**WORK ITEM**
What is needed is an exact copy of the data below, pictures excluded.

**AVAILABLE DATA**
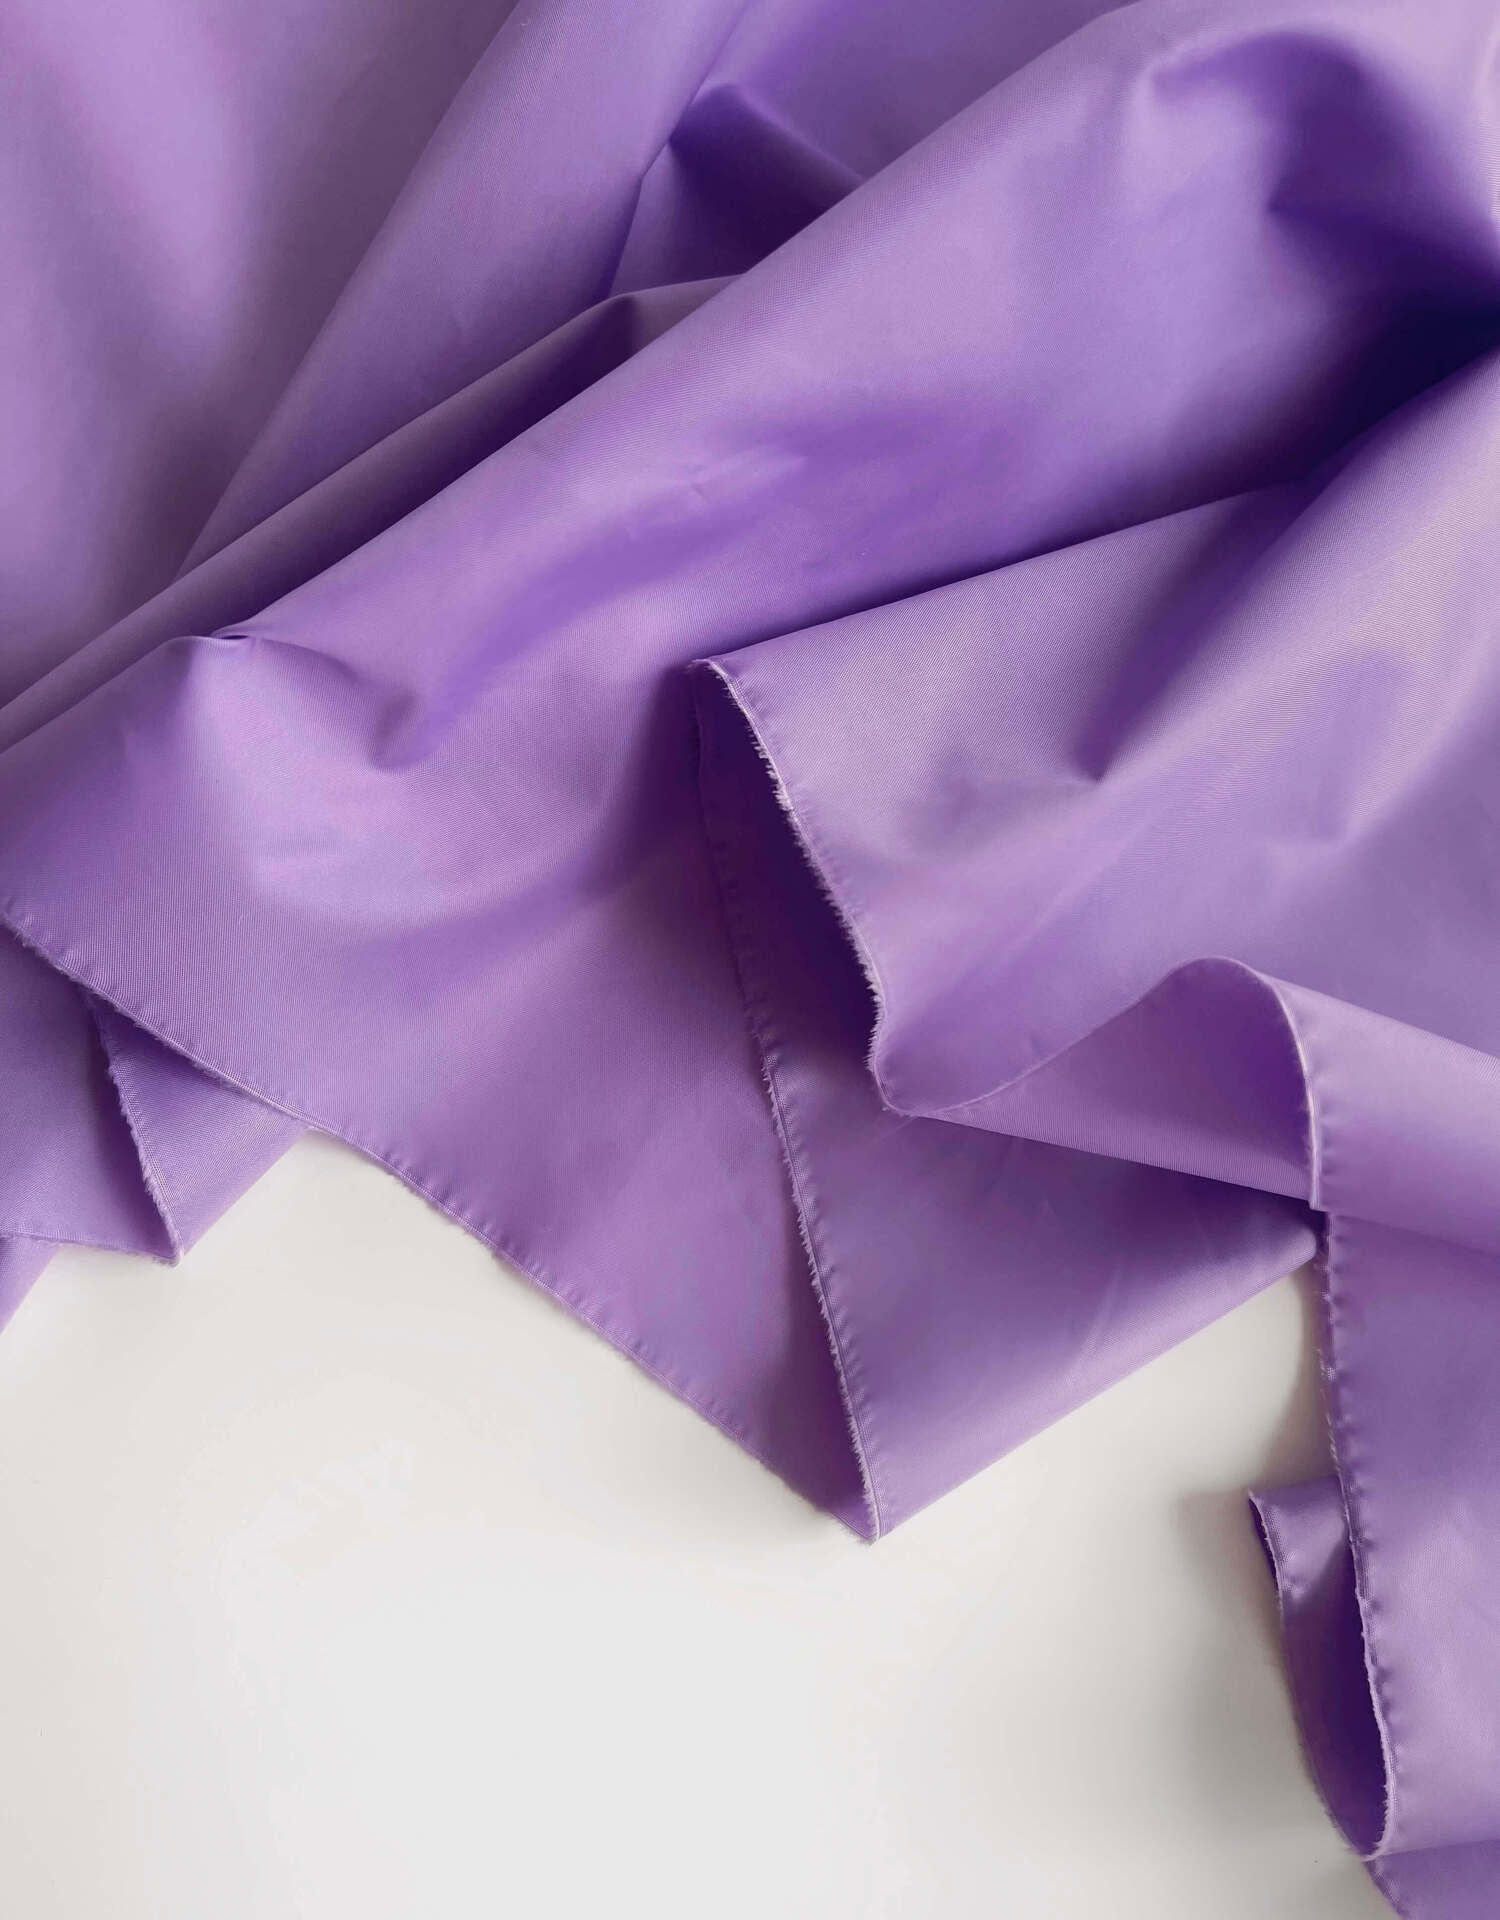 Плащевая ткань фиолетовый
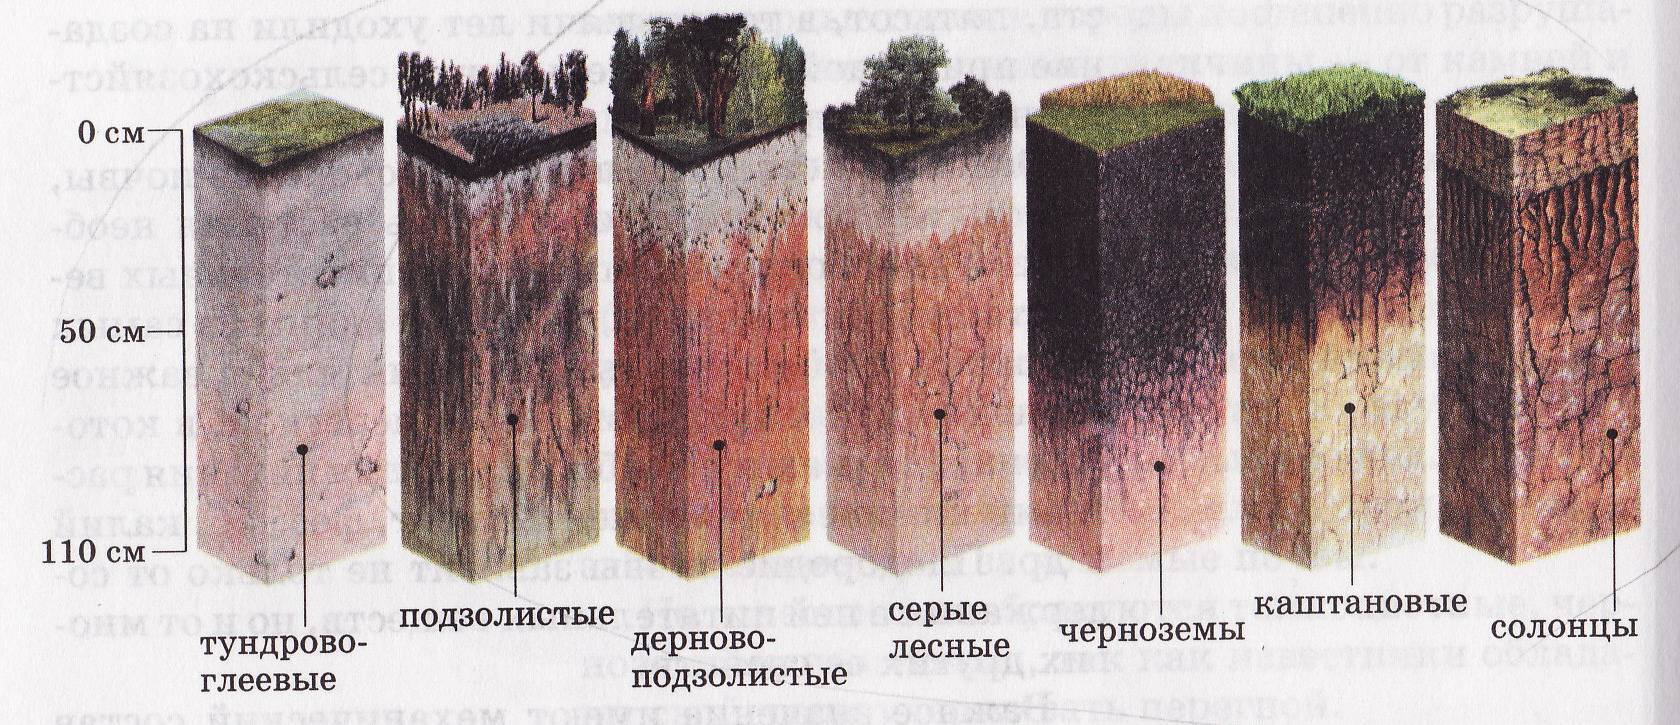 Какую толщину может достигать почва. Дерново-подзолистая, серая Лесная, чернозем почвенные горизонты. Подзолистая почва профиль почвы. Пахотные дерново-подзолистые почвы профиль. Почвенный профиль подзолистых почв.
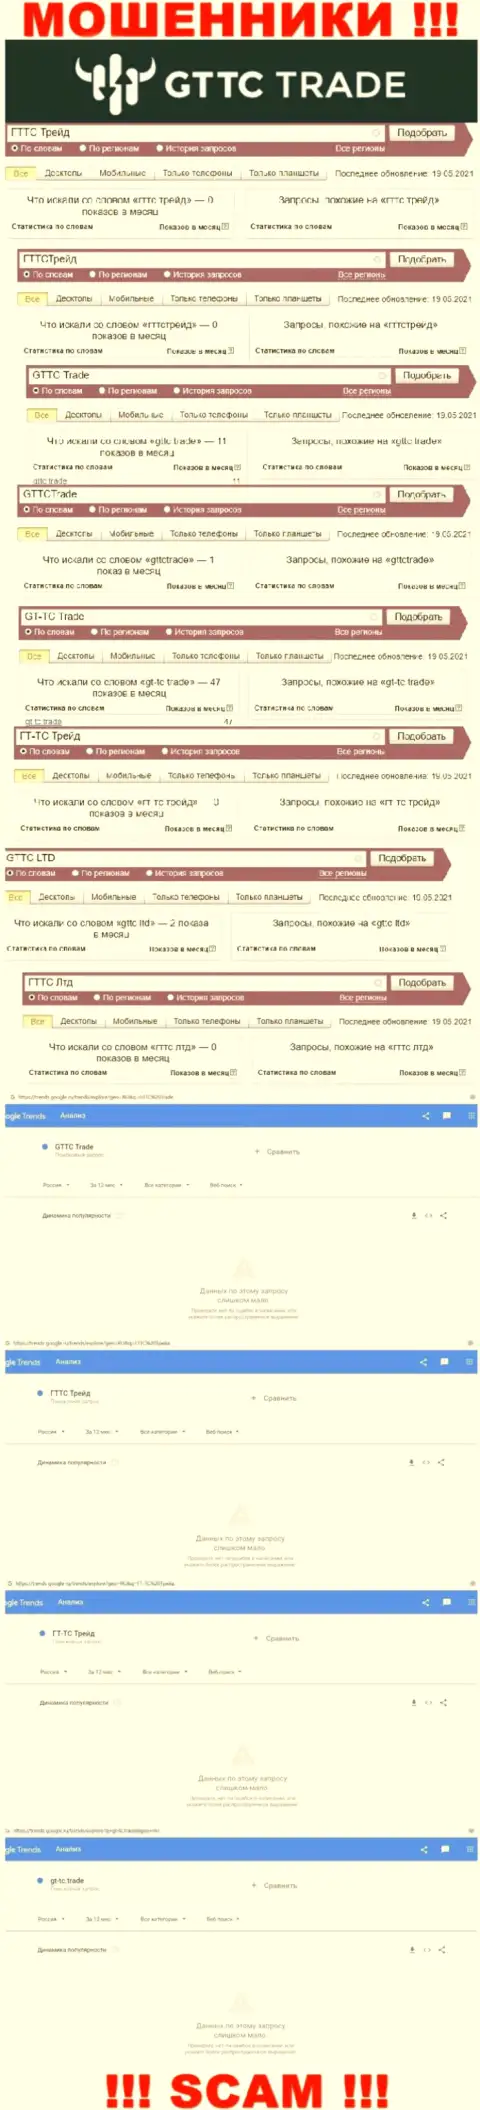 Количество online-запросов посетителями сети internet информации об мошенниках ГТ ТС Трейд
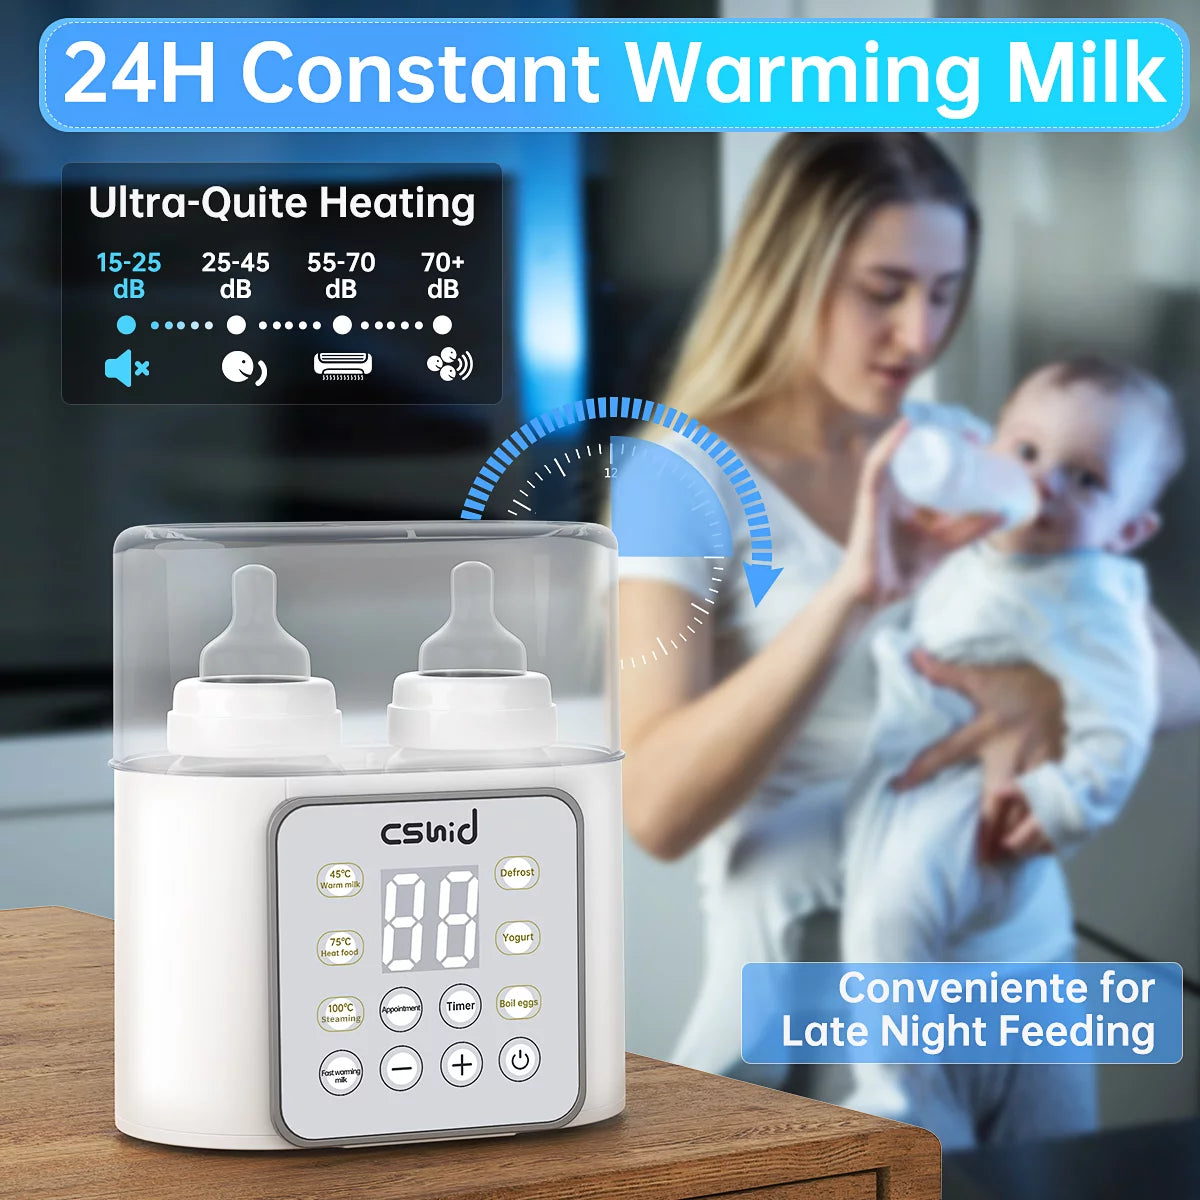 Baby Bottle Warmer, 9-In-1 Fast Milk Warmer Babies Food Heater & Defrost

**COMPLETED EXERCISE**
 Плащевая ткань фиолетовый
 Какую толщину может достигать почва. Дерново-подзолистая, серая Лесная, чернозем почвенные горизонты. Подзолистая почва профиль почвы. Пахотные дерново-подзолистые почвы профиль. Почвенный профиль подзолистых почв.
 Количество online-запросов посетителями сети internet информации об мошенниках ГТ ТС Трейд
 Baby Bottle Warmer, 9-In-1 Fast Milk Warmer Babies Food Heater & Defrost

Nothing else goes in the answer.